וְעַל הַזָּקָן שְׁתַּיִם מִיכָּן וּשְׁתַּיִם מִיכָּן וְאַחַת מִלְּמַטָּה;
Et quant au fait d’abîmer les bords de sa barbe, il y a deux bords d’ici, d’un côté de son visage, et deux de là, de l’autre côté, et un en dessous.
חֲדָא דְּמִיחַיַּיב עֲלַהּ תַּרְתֵּי; תָּנֵא שְׁבוּעוֹת שְׁתַּיִם שֶׁהֵן אַרְבַּע.
La Guemara explique : comme il ressort de la michna dans Makkot, il s’agit d’un cas où il y a un interdit pour lequel on est passible de deux peines. Poursuivant sur ce thème, le tannaa enseigné au début du traité Shevuot des exemples d’autres ensembles de halakhot qui peuvent être formulés de manière similaire, en commençant par : En ce qui concerne les serments portant sur une parole, il y a deux types qui sont en réalité quatre types.
מַאי שְׁנָא הָכָא דְּתָנֵי לְהוּ לְכוּלְּהוּ, וּמַאי שְׁנָא גַּבֵּי יְצִיאוֹת שַׁבָּת וּמַרְאוֹת נְגָעִים, דְּלָא קָתָנֵי לְהוּ לְכוּלְּהוּ?
La Guemara demande : Qu’y a-t-il de différent ici, dans le traité Shevuot, pour que la michna enseigne tous les ensembles de halakhot qui peuvent être formulés ainsi : deux qui sont quatre, et qu’y a-t-il de différent concernant le chapitre qui commence par : les actes de sortie interdits le Chabbat, c’est-à-dire le premier chapitre du traité Shabbat, et le chapitre qui commence par : Et les nuances de marques de lèpre, c’est-à-dire le premier chapitre du traité Nega’im, où la michna ne les enseigne pas tous, mais seulement l’ensemble spécifique de halakhot pertinent pour ce traité ?
אָמְרִי: שְׁבוּעוֹת וִידִיעוֹת הַטּוּמְאָה דְּגַבֵּי הֲדָדֵי כְּתִיבָן, וְדָמְיָין אַהֲדָדֵי בְּקׇרְבַּן עוֹלֶה וְיוֹרֵד – תָּנֵי לְהוּ גַּבֵּי הֲדָדֵי; וְאַיְּידֵי דִּתְנָא תַּרְתֵּי – תְּנָא כּוּלְּהוּ.
Les Sages disent en explication : puisque les passages des serments et de la responsabilité fondée sur la conscience de la souillure du Temple ou de ses aliments sacrificiels sont écrits ensemble dans la Torah (voir Lévitique 5:2–4), et ils sont aussi semblables l’un à l’autre en ce que tous deux peuvent entraîner l’obligation d’apporter une offrande à échelle variable, la michna a donc enseigné les deux ensemble ici. Et puisqu’elle a déjà enseigné deux ensembles, elle a continué et les a tous enseignés.
פְּתַח בִּשְׁבוּעוֹת, וּמְפָרֵשׁ יְדִיעוֹת הַטּוּמְאָה! אַיְּידֵי דְּזוּטְרָן מִילַּיְיהוּ, פָּסֵיק שָׁרֵי לְהוּ; וַהֲדַר תָּנֵי שְׁבוּעוֹת דִּנְפִישָׁן מִילַּיְיהוּ.

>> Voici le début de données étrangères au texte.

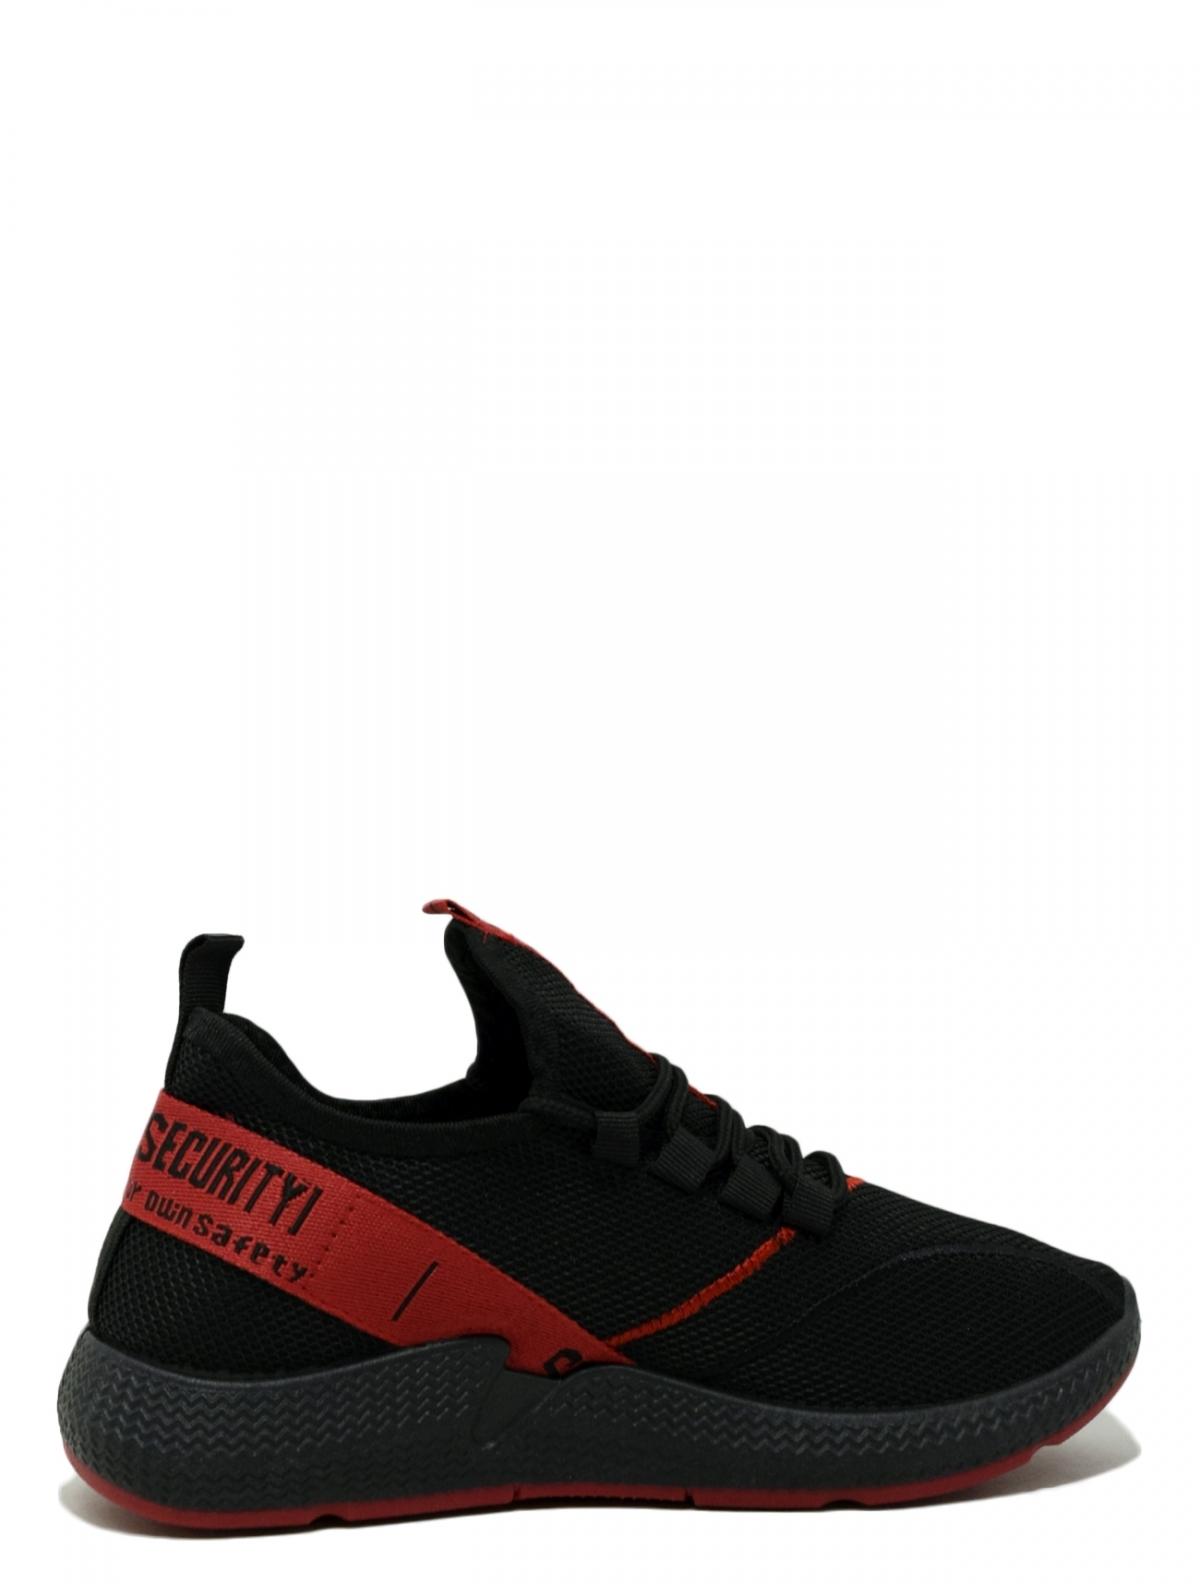 Trien ISM007-021 женские кроссовки

La Guemara poursuit son examen : Le traité Shevuots’ouvre sur une référence aux serments, mais passe ensuite à expliquer les cas de la prise de conscience de l’impureté du Temple ou de ses aliments sacrificiels, ne revenant aux serments qu’au troisième chapitre. Pourquoi ? La Guemara explique : Puisque les cas de prise de conscience de l’impureté du Temple ou de ses aliments sacrificiels sont relativement peu nombreux, le tannales a traités directement et s’en est acquitté, puis est revenu enseigner les halakhot des serments, qui comportent de nombreux détails.
שְׁבוּעוֹת שְׁתַּיִם שֶׁהֵן אַרְבַּע: שְׁתַּיִם – ״שֶׁאוֹכַל״ וְ״שֶׁלֹּא אוֹכַל״; שֶׁהֵן אַרְבַּע – ״אָכַלְתִּי״ וְ״שֶׁלֹּא אָכַלְתִּי״.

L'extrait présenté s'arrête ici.